INPUT FOR THIS TASK
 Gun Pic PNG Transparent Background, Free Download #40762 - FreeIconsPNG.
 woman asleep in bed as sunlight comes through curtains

==

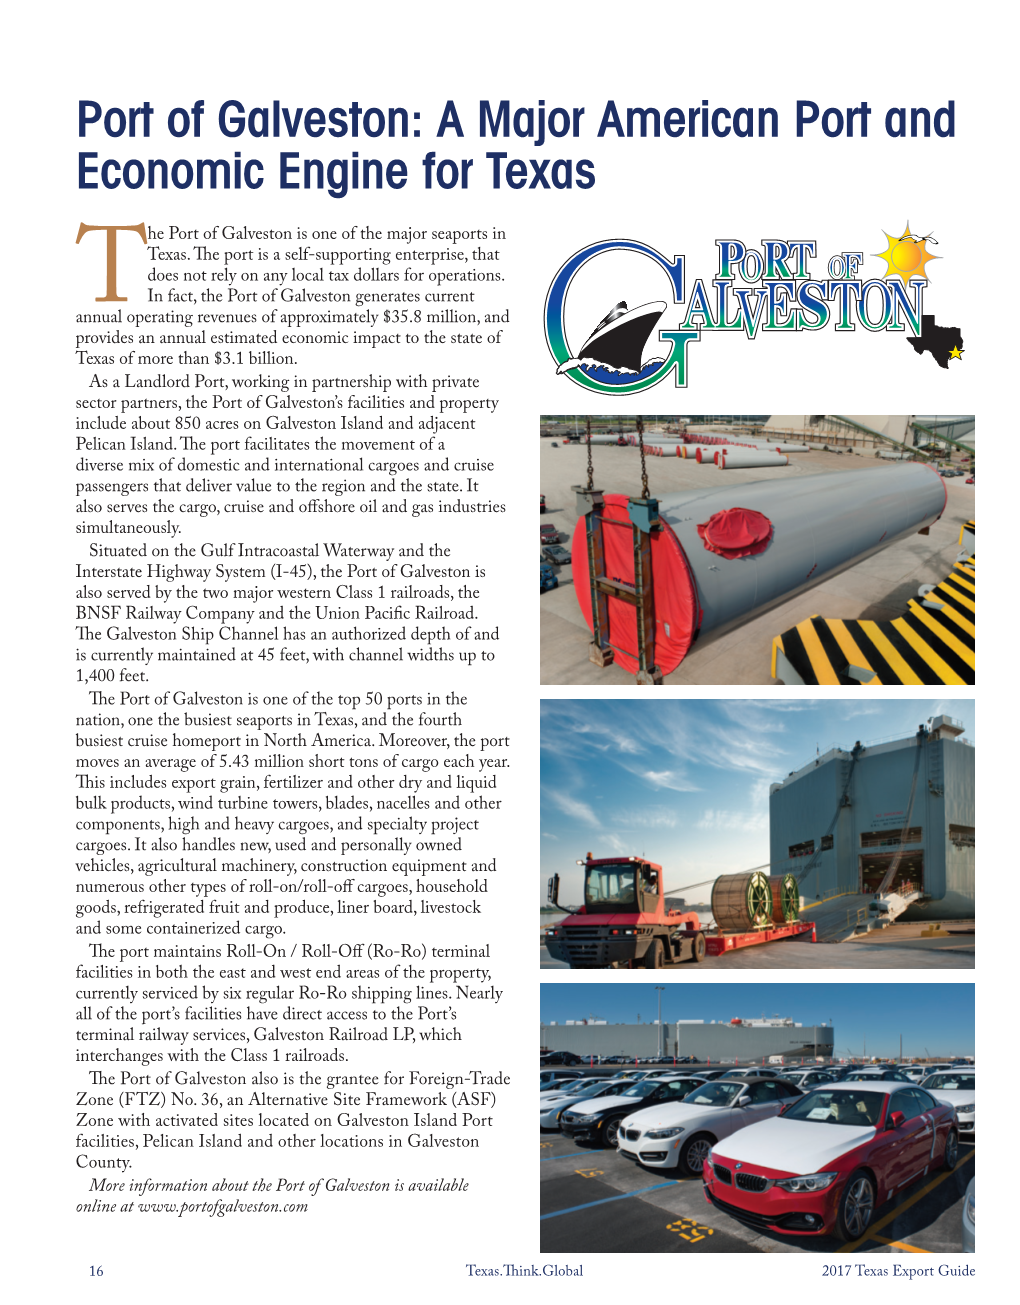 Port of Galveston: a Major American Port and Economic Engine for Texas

--

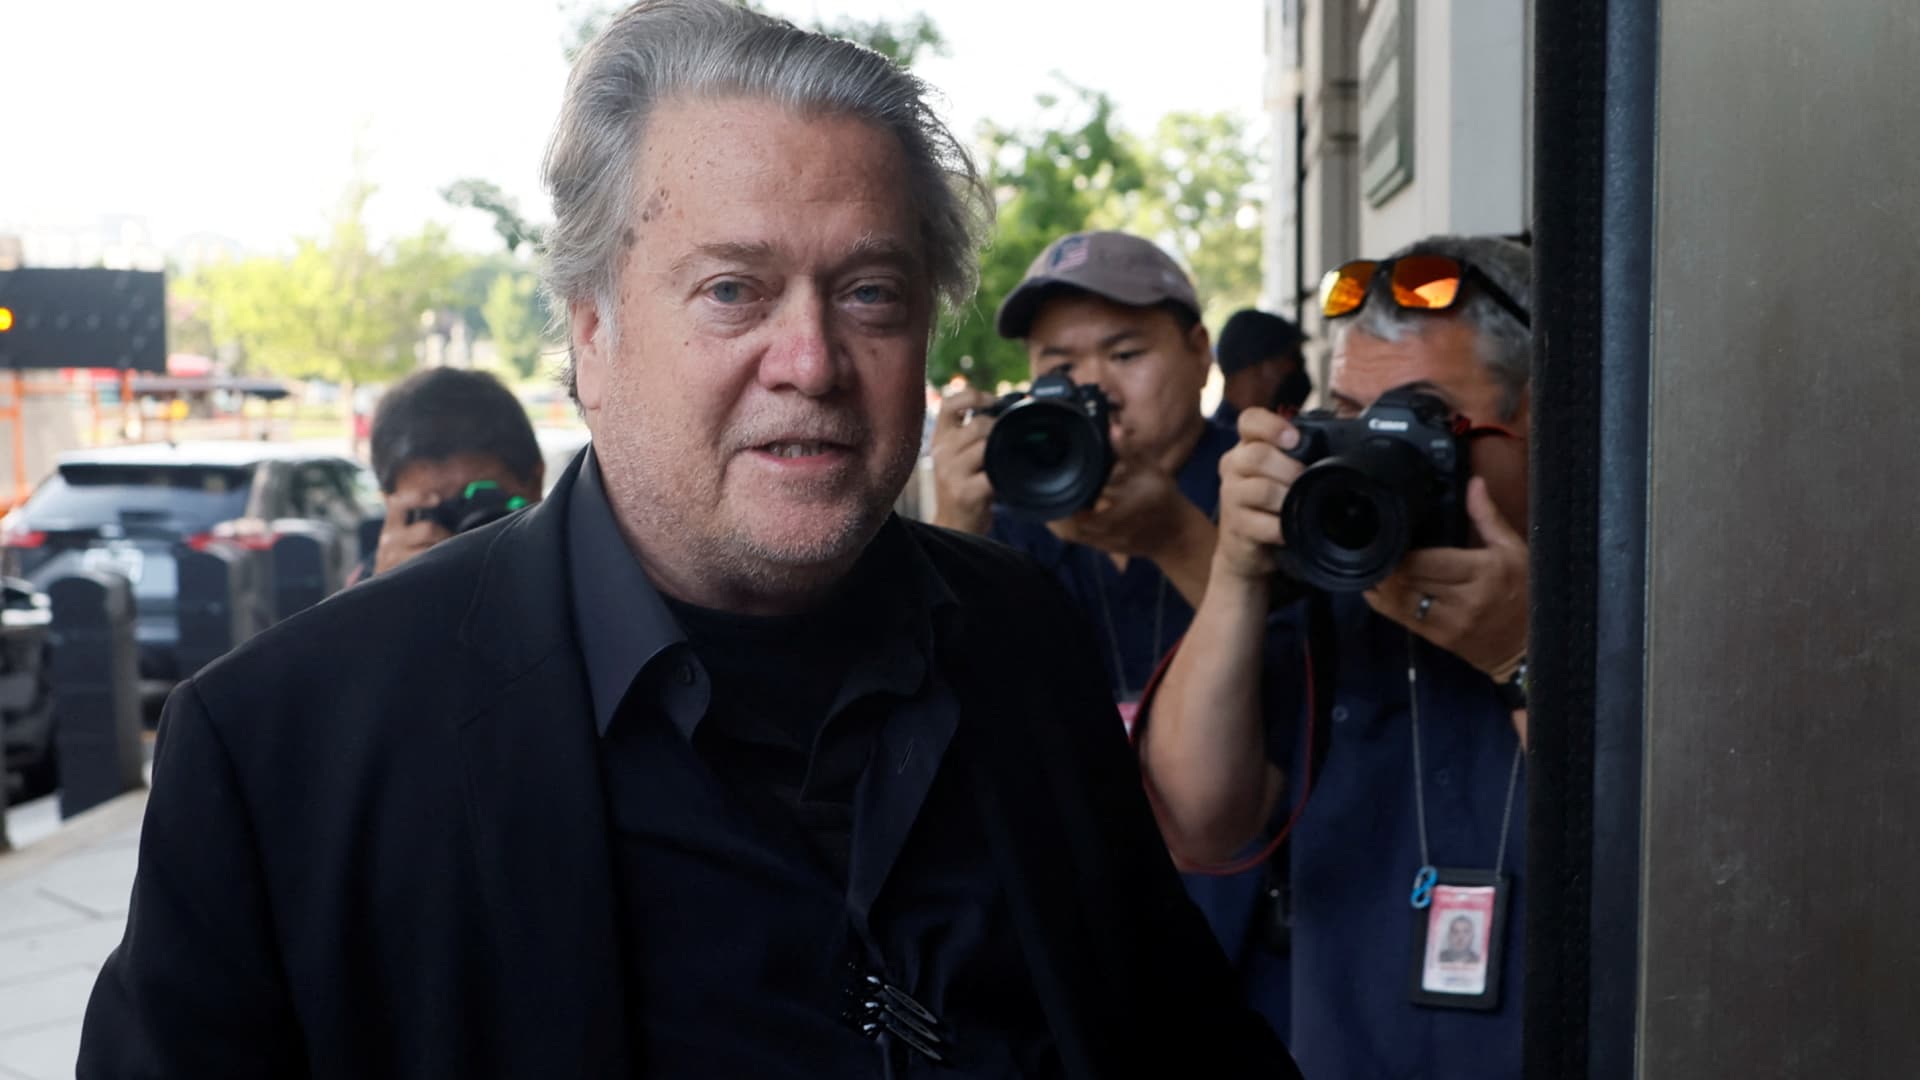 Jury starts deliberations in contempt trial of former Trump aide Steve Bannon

ASSIGNMENT
Each line above from the one with "Gun Pic PNG" up to and including the one with "woman asleep in" must be set down exactly, and no line outside that span may appear.

EXERCISE SOLUTION
 Gun Pic PNG Transparent Background, Free Download #40762 - FreeIconsPNG.
 woman asleep in bed as sunlight comes through curtains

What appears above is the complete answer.